Global treaties have been signed on the Law of the Sea, on genocide, torture, climate change, protecting the ozone layer, the rights of children – all reflect a profound common sense that we have build stronger common institutions to face the challenges of our time.

International law is a real thing. Both the United States and Canada have been at the forefront of its development in the modern era.

On January 6, 1941, Franklin Roosevelt delivered his State of the Union Address.  Remember that war in Europe and Asia had been going on for some time, my own country, Canada, declared war on Germany in September, 1939, following Hitler’s invasion of Poland.  Remember too that that invasion was preceded by accusations that Germany was being threatened by Polish aggression, and that Hitler claimed that Germany’s invasion was “defensive” in nature.  Remember too that this invasion was preceded by two agreements that live today in infamy (to borrow an FDR word) – the Munich Agreement of September, 1938, between Britain, France, and Germany, and the Molotov-Ribbentrop Pact of August, 1939, between Germany and the USSR.  The first allowed the carve up of a sovereign state, Czechoslovakia.  The second was a treaty of friendship and non-aggression, which contained a secret agreement carving up Poland between the Soviets and the Nazis.

Roosevelt knew that the world around him was collapsing in the face of brutal, authoritarian attacks, and Britain by January 1941 stood alone in Europe. Churchill had come to office in May of 1940, and immediately implored the United States to help. Roosevelt’s problem was that both public opinion and the American Congress were dominated by a prevailing isolationism which despised “foreign entanglements”, and he himself had campaigned in 1940 committed to keeping the US out of conflict (just as Woodrow Wilson had done in 1916).

Roosevelt knew that leaders needed followers, and that his task was to persuade the American public that the United States could not abandon those that were fighting for freedom.

The January 6, 1941 speech is often referred to as the “Four Freedoms” speech.  In it Roosevelt talked of the central importance of

  • Freedom of Speech
  • Freedom of worship
  • Freedom from fear
  • Freedom from want

These were not just freedoms for Americans, they were freedoms of all people.  It was a bold vision.  It put him at odds with the isolationists of his day, just as the idea of universal principles puts it at odds with the narrow nationalisms of our time.

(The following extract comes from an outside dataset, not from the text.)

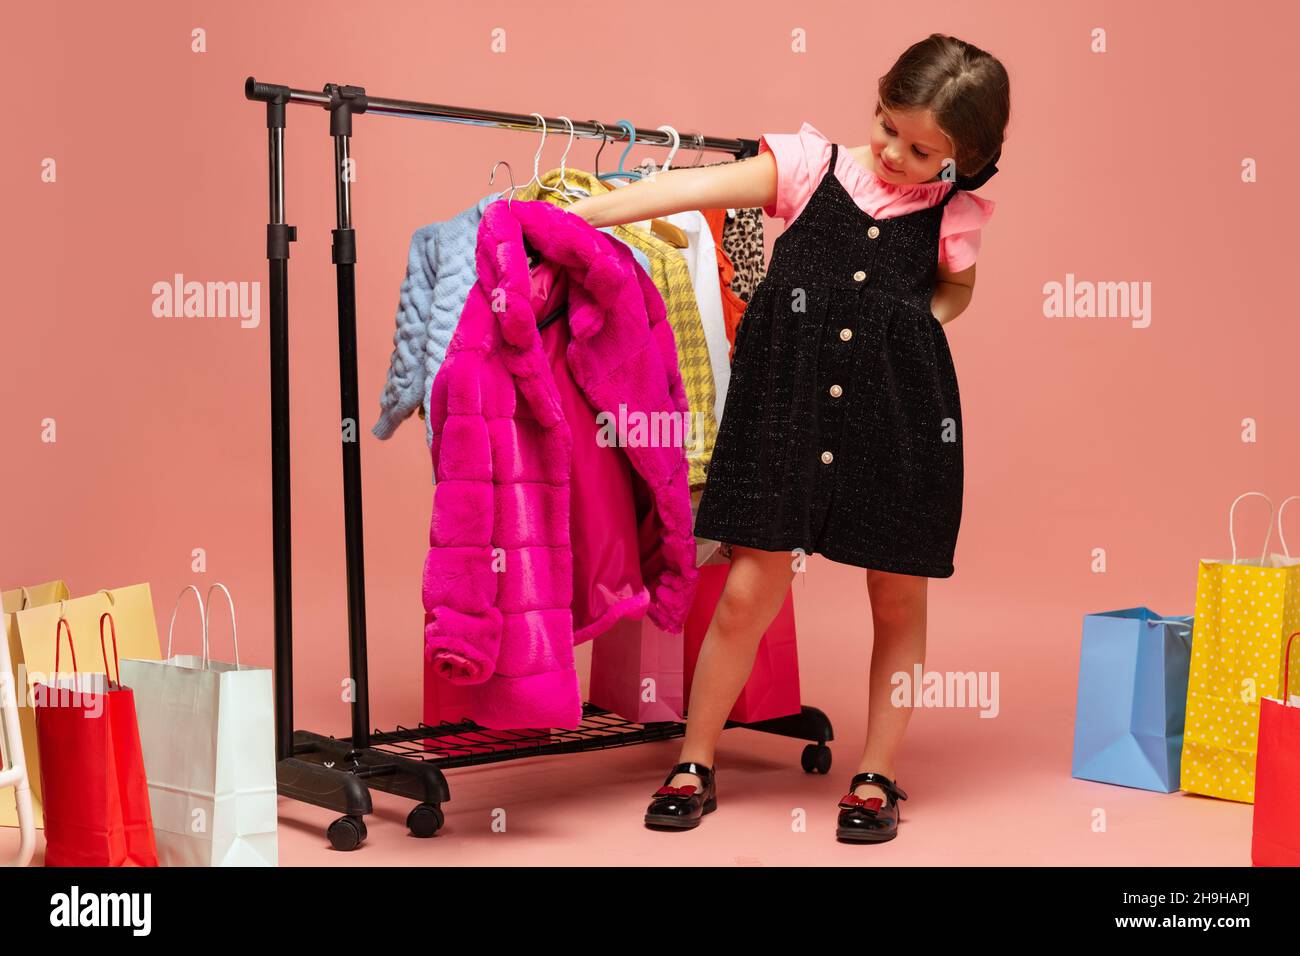 Little Child Girl Posing Hangers Dresses Clothes Her Room Kid Stock Photo  by ©jutar 497845202

Six months later Franklin Roosevelt and Winston Churchill met off the coast of Newfoundland.  They had twin purposes – Churchill needed the US to enter the war, Roosevelt needed Churchill to become more of a democrat and embrace his global vision of a democratic order after the conflict.  The result was the Atlantic Charter, which is in reality the basis of both the UN Charter and the Universal Declaration of Human Rights which was proclaimed in 1948, 75 years ago.

Those principles were:

  • no territorial changes made against the wishes of the people
  • Self government as a defining principle of the new order, replacing the colonialism of the past
  • Freer trade and freedom of the seas
  • More co-operation to improve the global economy
  • Disarmament of aggressor nations and rejection of force as the basis to settle disputes

To put it simply – we fought the Second World War to stop the kind of aggression that Russia began a year ago.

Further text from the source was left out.